I think I will use this book as part of the launch to our biography unit – Atkins skilfully shares that part of Anning’s life story which explains her driving interest, her motivation to follow her dream. This is a theme we study closely in our biography unit, as well, and using this book as a read aloud will help us discuss this together as a class.
Anne Hutchinson’s Way also written by Jeannine Atkins and illustrated by Michael Dooling, is a fictionalized story based on a real family’s experience in the early days of the Puritan colonies. From the jacket copy: “In 1634, young Susanna Hutchinson travels from England across the Atlantic with her parents and siblings, finally landing in the New World. There the family hope to practice their religion as they see fit. But Anne Hutchinson, Susanna’s mother, does not like the minister’s manner.” She has good reason – the minister believes it is against the law for a woman to preach, and, to Anne Hutchinson, “keeping her beliefs to herself would be like keeping food from the hungry or medicine from people in pain.” As a punishment, Anne is sent to prison, far away from her young family. Upon her release, mother and children make their way on foot to from the Massachusetts Bay Colony to New York, where Anne Hutchinson could have the freedom to practice her religious views – the freedom for which she had crossed the Atlantic in the first place.

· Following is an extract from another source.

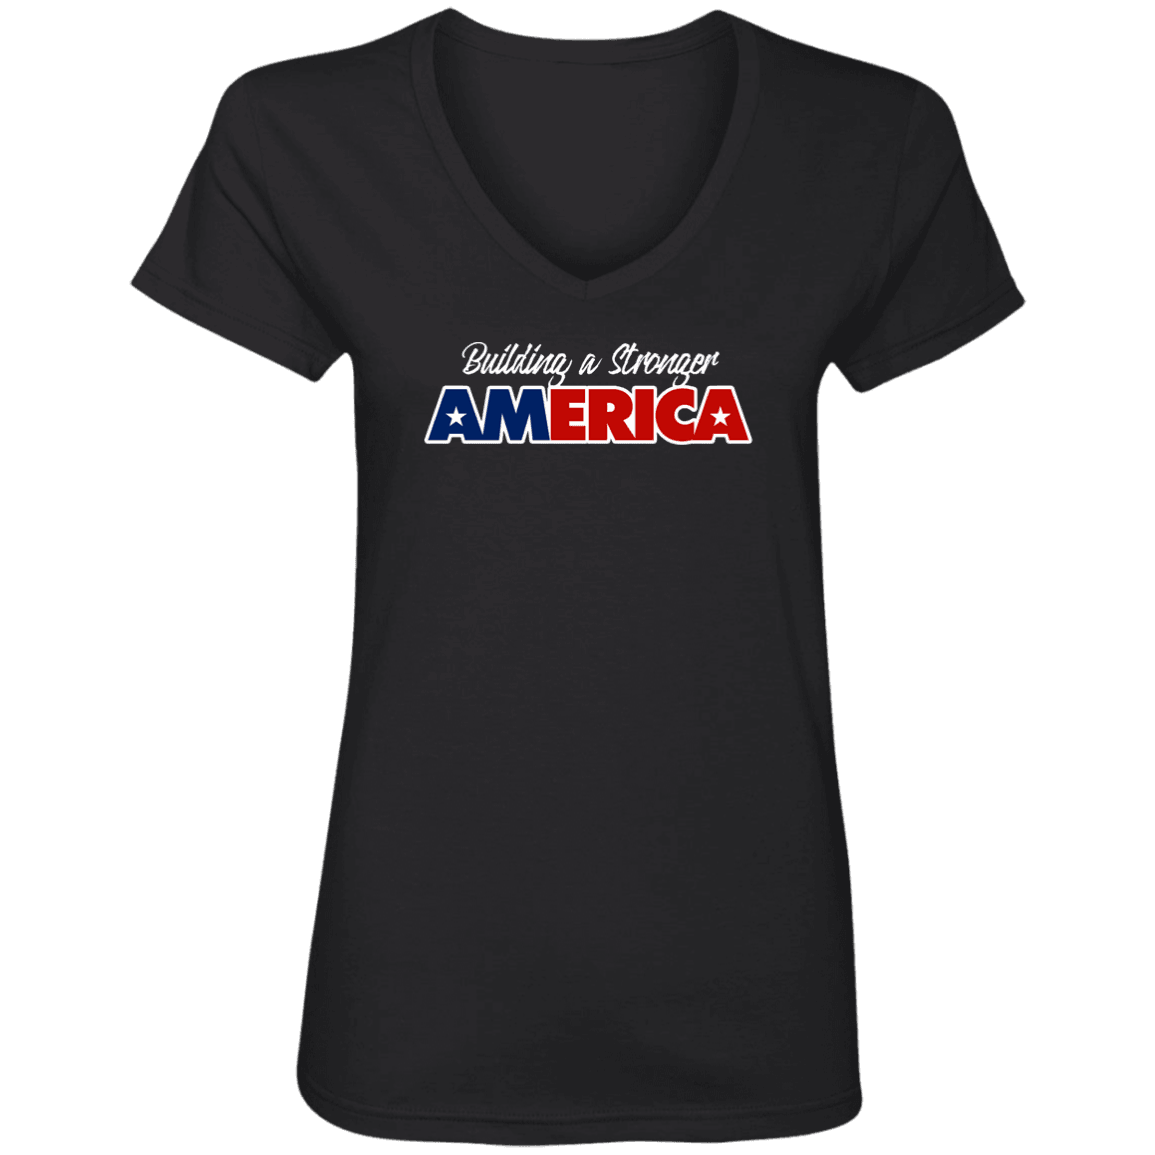 Designs by MyUtopia Shout Out:Building A Stronger America Ladies' V-Neck T-Shirt,Black / S,Ladies T-Shirts

Atkins gives us a glimpse of early colonial life – the strength of personal faith, the hardships people were prepared to endure and the sacrifices they were willing to make.
Where will I use this book? I love the way Atkins writes – how she is able to sketch daily life and events so as to show a culture as a whole – what it was like to live in those long ago days. I may also use this book in our Social Studies class, when we talk about the Bill of Rights, and the debates about religious freedom at the time of the Constitutional Convention. This story would be a wonderful link to this debate even in the very earliest days of our nationhood – I could envision many discussions around the situation Anne found herself in among the leaders of her new community.
So…some fabulous new finds for my ever expanding “mentor text” basket!